Rickshaw Graph

Searching for interesting online datasets, one of the first you'll encounter is Death Row data from the Texas Department of Criminal Justice. There are several datasets listed on the Death Row Information page including Executed Offenders.

To convert this information into an infographic, the first step is converting the HTML table to a format that's easy to load and parse. Toward this end I used the Ruby gem, Wombat, to scrape the Executed Offenders table and convert it to JSON.

The following code builds a hash from the Executed Offenders table:

table = Wombat.crawl do
  base_url "http://www.tdcj.state.tx.us"
  path "/death_row/dr_executed_offenders.html"

  headline xpath: "//h1"

  people 'xpath=//table/tbody/tr', :iterator do
    execution "xpath=./td[1]"
    first_name "xpath=./td[5]"
    last_name "xpath=./td[4]"
    race "xpath=./td[9]"
    age "xpath=./td[7]"
    date "xpath=./td[8]"
    county "xpath=./td[10]"
    statement "xpath=./td[3]/a/@href"
  end
end

The above code iterates through all of the table rows (tr) and grabs data from the data cells we're interested in.

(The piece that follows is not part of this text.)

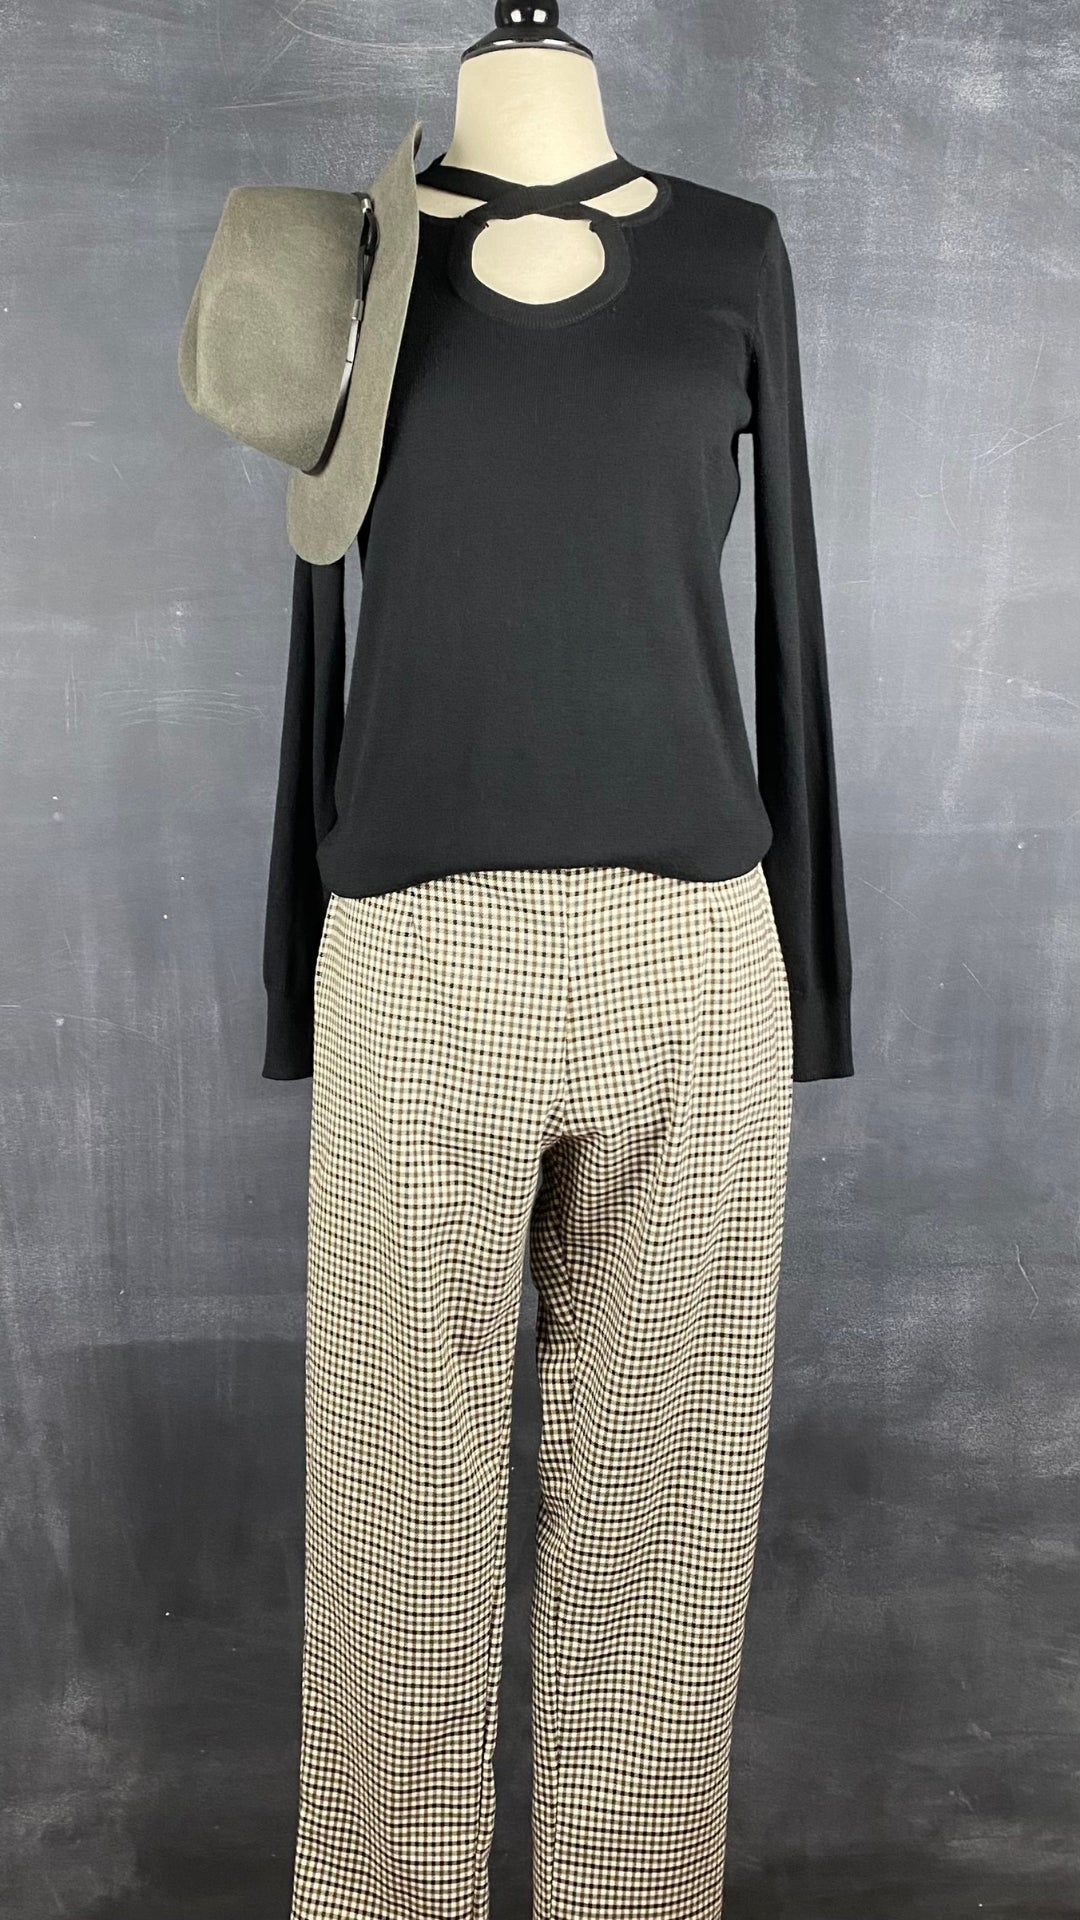 Chandail noir en tricot à encolure à ouvertures majestueuses Michael Kors, taille small. Vue de l'agencement avec le pantalon pied-de-poule automnal Essentiels & Co.
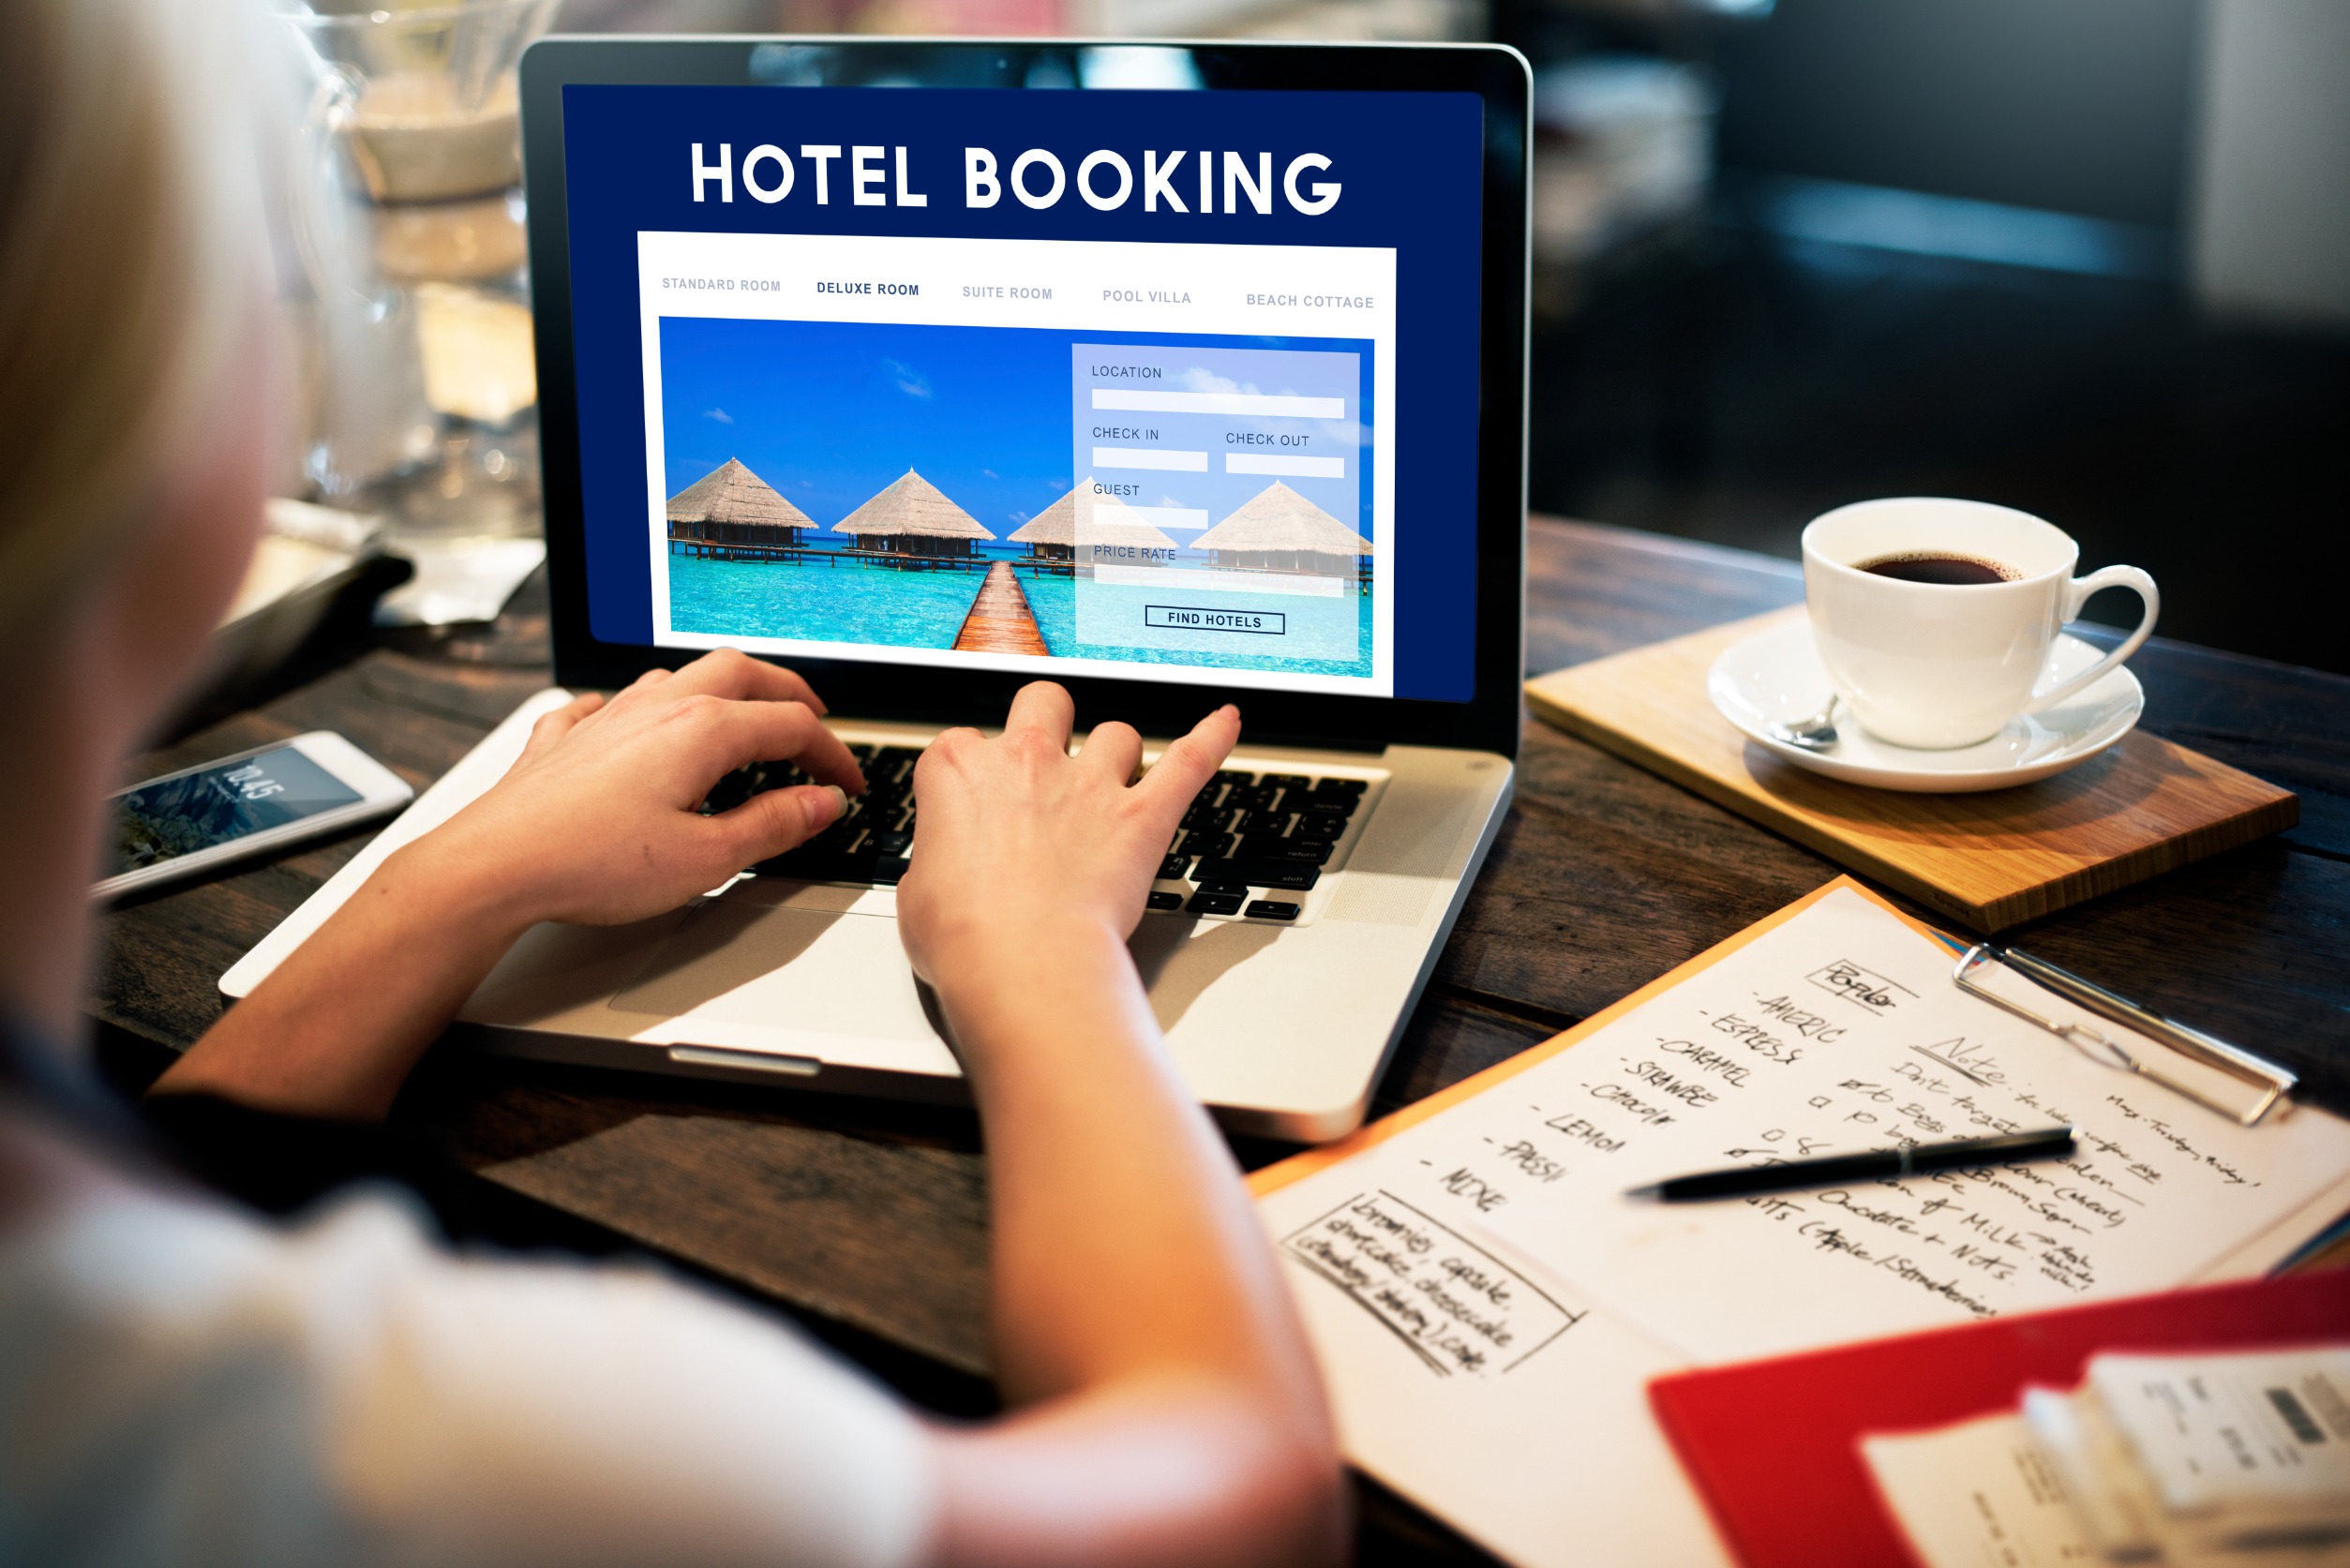 hotel bookings

We could stop with the above code in terms of parsing, but at the time I generated this script I was also thinking about analyzing final statements. Since last statements are stored on separate pages referenced from the Executed Offenders table, this next code section scrapes each last statement and replaces the statement link from the table with the actual statement.

data = {}
table['people'].each do |x|
  last_words = Wombat.crawl do
    base_url "http://www.tdcj.state.tx.us"
    path "/death_row/#{x['statement']}"
    statement xpath: "//p[text()='Last Statement:']/following-sibling::p"
  end
  x['statement'] = last_words['statement']
  x['gender'] = 'male'
  unless x['execution'].nil?
    data[x['execution']] = x
    data[x['execution']].delete('execution')
  end
end

At the tail end of the above code block is a bit of cleanup to remove duplicate data and to slightly shrink the hash.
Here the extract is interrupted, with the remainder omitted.